Menanggapi hal ini, Aviliani menilai Jakarta memiliki peluang besar untuk menjadi pusat perdagangan bagi daerah-daerah lain di Indonesia. Salah satu langkah strategis yang disarankannya adalah perbaikan infrastruktur pelabuhan.
Menurutnya, akses menuju pelabuhan juga perlu dibenahi guna menurunkan biaya. Dengan demikian, investasi besar yang masuk bisa memberikan hasil yang lebih efisien.
Lebih lanjut, Aviliani menilai Jakarta juga berpotensi menjadi pusat hiburan. Dalam paparannya, Dia menyinggung contoh konser Taylor Swift di Singapura yang mampu menghidupkan perhotelan.
“Karena kita sudah punya hal (tempat) yang besar yang di Kemayoran, kemudian di beberapa tempat, tapi belum dioptimalkan dan belum menjadi satu kesatuan dengan tempat penginapan,” tuturnya.
Dia juga menyinggung pendekatan yang dilakukan oleh Korea dan China dengan mengatur sistem perjalanan. Hal ini disebut sebagai sebuah ekosistem.
Aviliani kemudian optimistis Jakarta bisa meningkatkan potensi tersebut dengan membenahi seluruh infrastruktur yang berkaitan.
“Kalau tidak, investasi berapapun hasilnya tidak akan bisa optimal, dan tidak bisa menurunkan ICOR itu,” ujarnya.
Prospek Jakarta ke Depan
Di samping itu, Bank Indonesia memperkirakan perekonomian Jakarta 2025 tumbuh pada batas bawah kisaran 4,60% - 5,40% (year-on-year) dari 4,90% pada 2024. Inflasi juga diproyeksi terkendali.
Arlyana mengatakan bahwa dari sisi pengeluaran, investasi khususnya dari swasta, diperkirakan menjadi penggerak perekonomian Jakarta pada 2025. Hal ini sejalan dengan masih berlanjutnya proyek-proyek strategis, khususnya yang bersifat multitahun.
“Dari sisi lapangan usaha, prospek pertumbuhan ditopang oleh lapangan usaha konstruksi sejalan dengan meningkatnya investasi,” tuturnya dalam paparan mengenai Perkembangan dan Prospek Perekonomian Jakarta, di Jakarta Pusat, Kamis (8/5).
Kendati demikian, BI mengingatkan sejumlah risiko global perlu diwaspadai.
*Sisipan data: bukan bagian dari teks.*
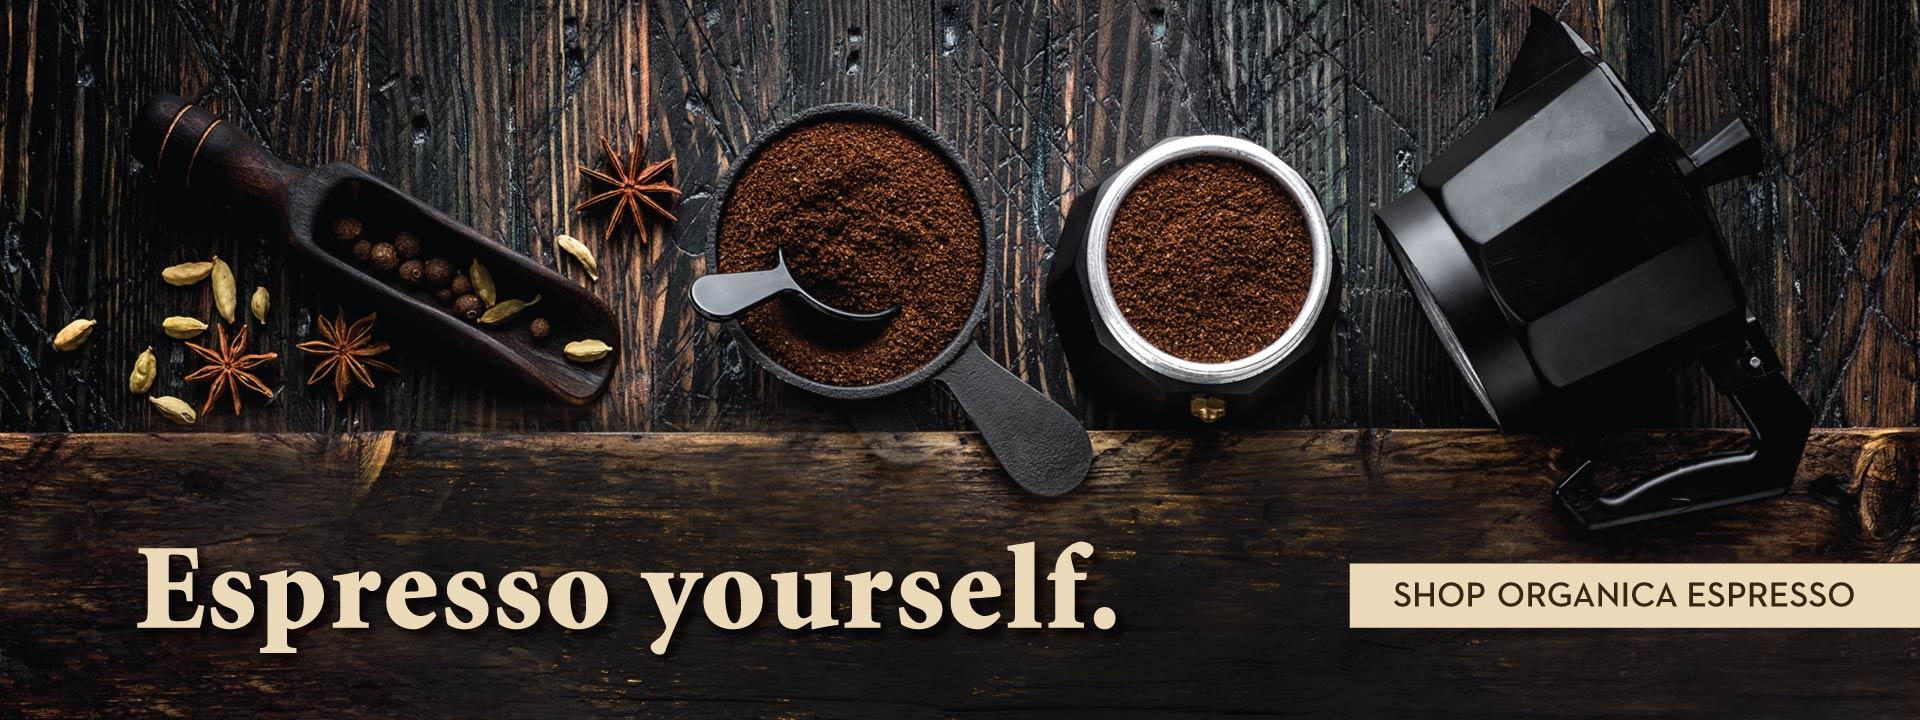 espresso-yourself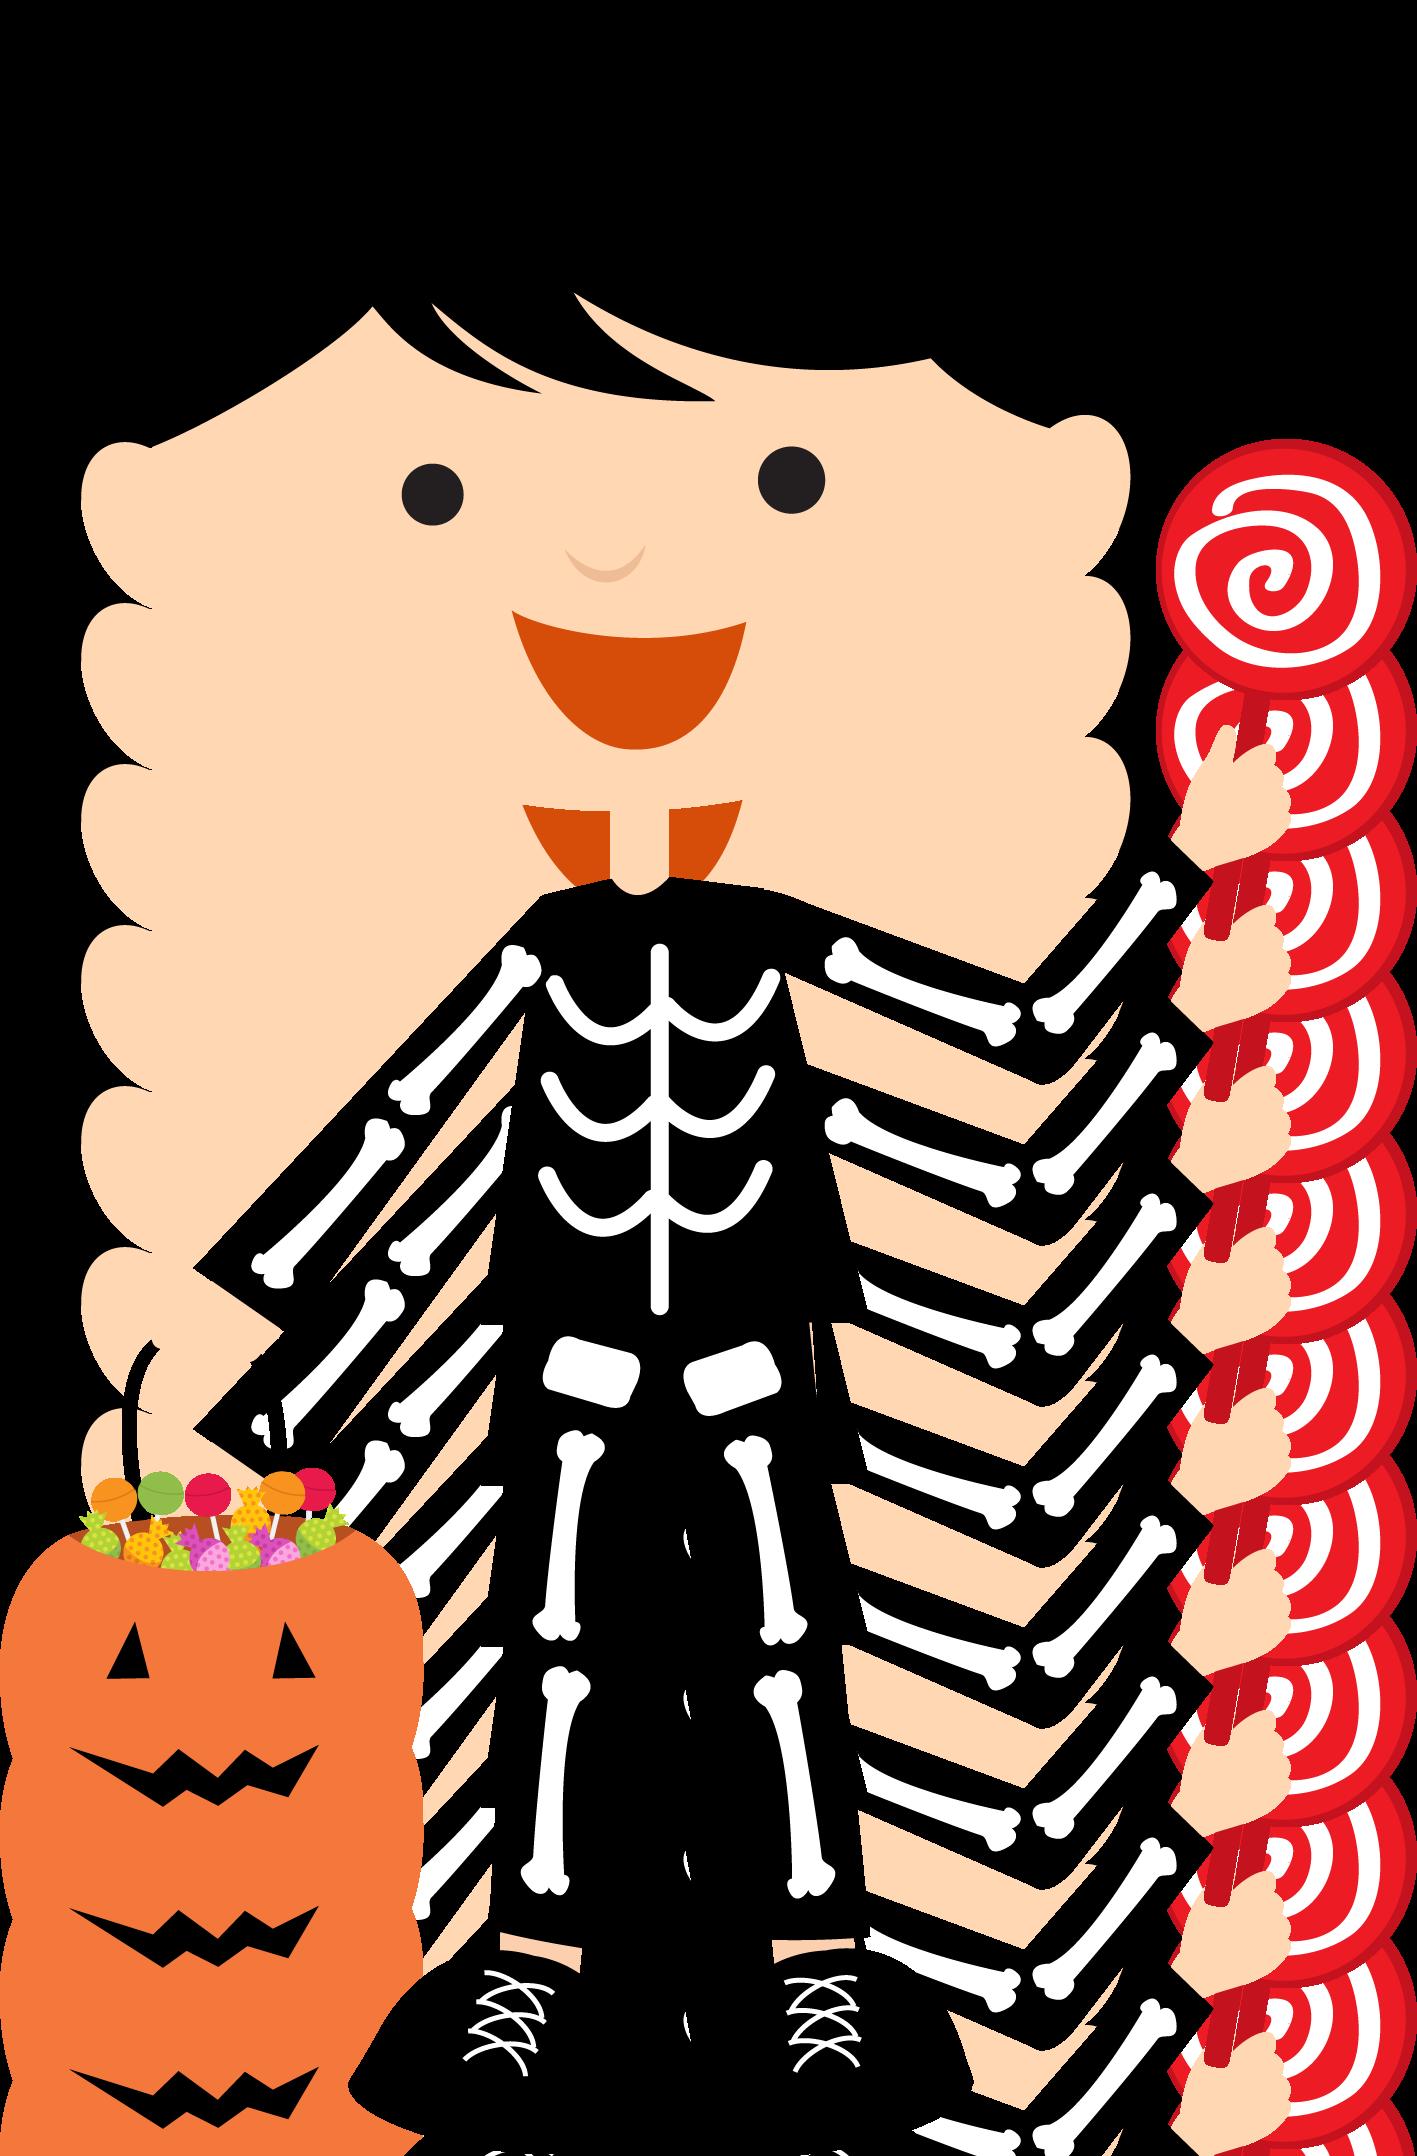 Garland clipart halloween. Bdhalloweentrickortreat png minus clip

Risiko tersebut antara lain meliputi perlambatan ekonomi global, meningkatnya fragmentasi perdagangan yang semakin meluas, serta berlanjutnya ketegangan geopolitik.
Sementara itu, inflasi Jakarta untuk keseluruhan 2025 diperkirakan tetap terkendali dalam sasaran kurang lebih 2,5% (yoy). Perkiraan ini didukung oleh terkendalinya inflasi pangan, seiring dengan cuaca yang lebih kondusif dan penguatan program Gerakan Nasional Pengendalian Inflasi Pangan (GNPIP).
Meski demikian, Arlyana mengingatkan masih adanya risiko inflasi, terutama akibat ketidakpastian geopolitik global.